Anna was so astonished she could only stammer. “A flight nurse?” Ever since her army training near some Air Corps bases, she’d longed to fly. “With the army?”

“No, I’m afraid not. Mrs Howley says it’s a private British company, but this is still an amazing opportunity for you. It comes at a perfect time, too — when there are so many unkind rumours floating around. Some ignorant folks think you’ve become uppity and — wrong as they are — they could harm you.” Miss Josephine leaned closer to deliver this message. She was, Anna sensed, just as worried as Aunt Flora.

Anna nodded. She had joined the Army Nursing Corps to get away from Georgia. She’d wanted to see more of the country, more of the whole world. She’d dreamed of being sent to a field hospital in Europe. Instead, they’d sent her to a POW camp in Arkansas. Convinced she’d been shunted off to the POW camp because of the colour of her skin, she’d protested. That earned her a reprimand and blotted her record so much that, even when she uncovered an escape plot among some of the prisoners, she’d been given no recognition or reward. Maybe the army was different now that President Truman had ended segregation, but she wasn’t sure. So, working for a private company might be better. She’d just never imagined there might be any other way to get to Europe — or to fly.  

How many hours had she stared up at the sky, watching those bright yellow training planes while she worked at that camp in Arkansas?

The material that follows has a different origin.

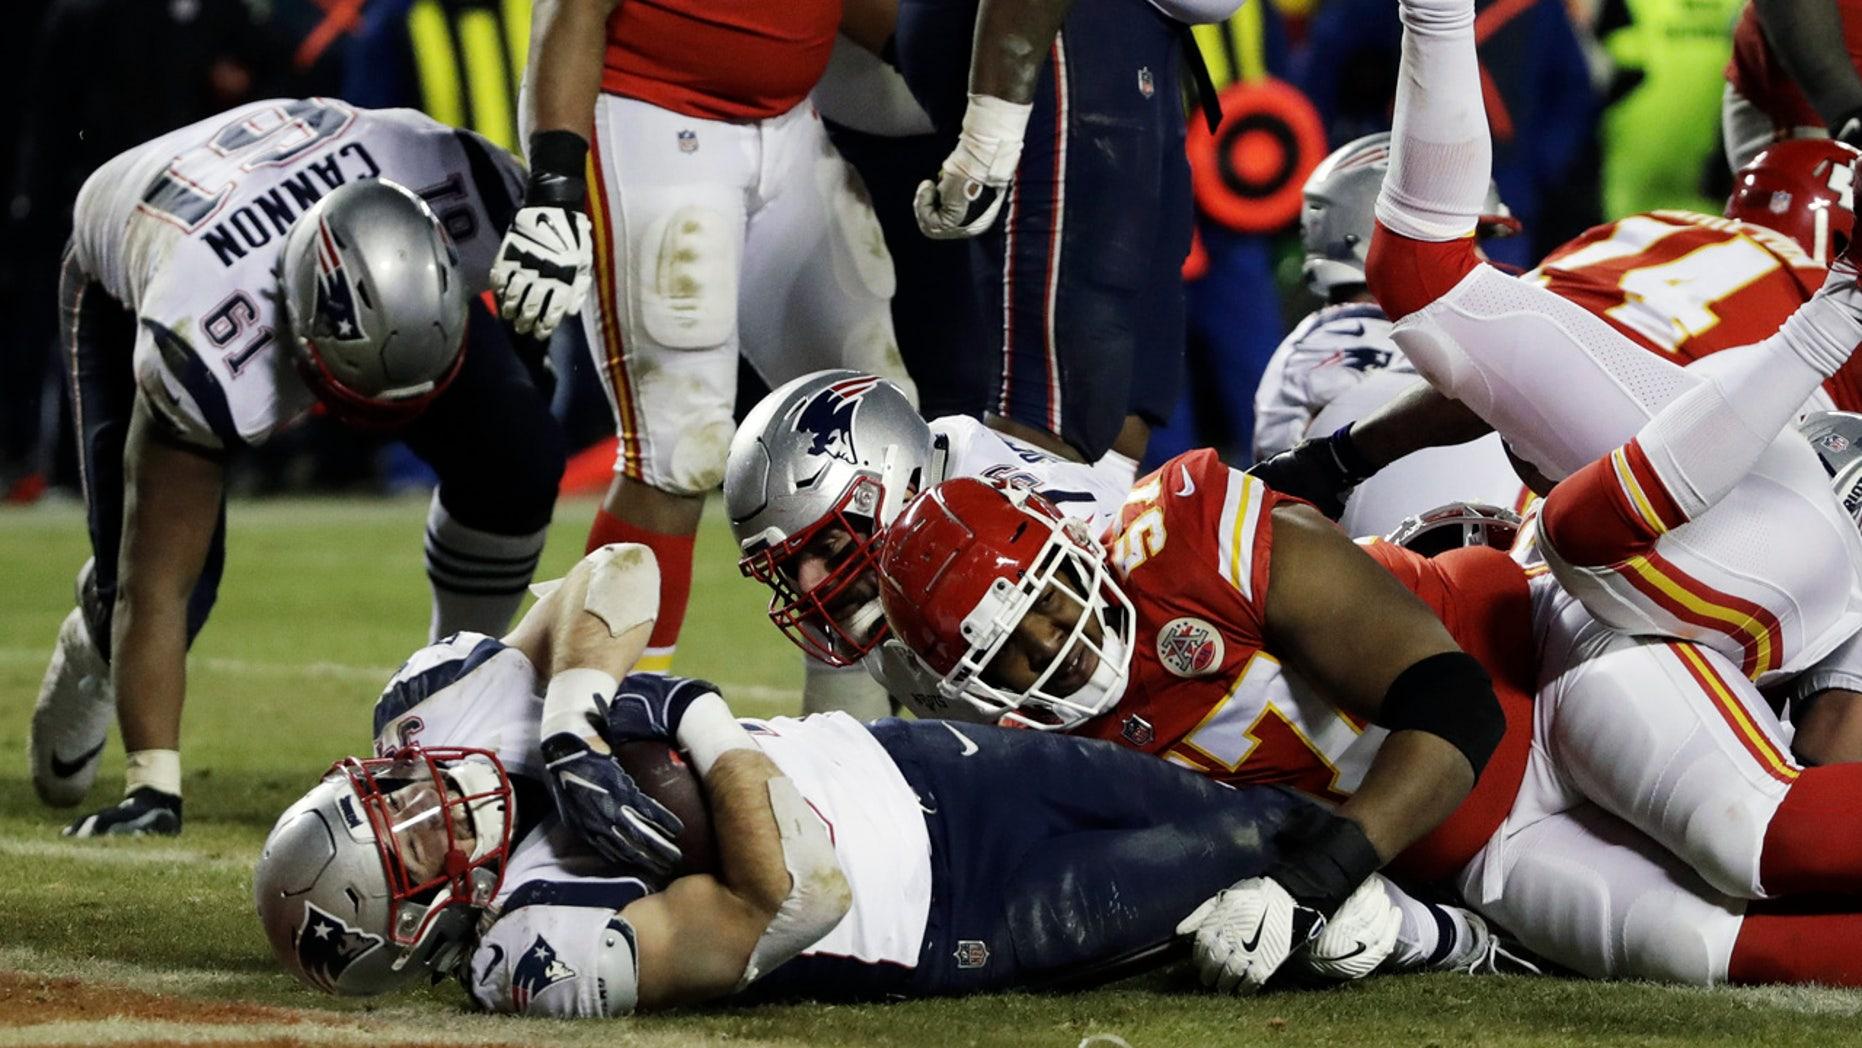 Rex Burkhead goes in for the winning score in overtime. (AP Photo/Elise Amendola)

Miss Josephine brought her back to the present. “This is a once-in-a-lifetime opportunity, Anna. I hope you’ll have the courage to seize it.”

Anna opened her mouth to agree but stopped herself and looked towards Aunt Flora. The older woman had tears in her eyes, but her voice was firm. “Go, Anna. Go and see the world — not just for you but for me and your mother and all of us stuck here in Dodge County!”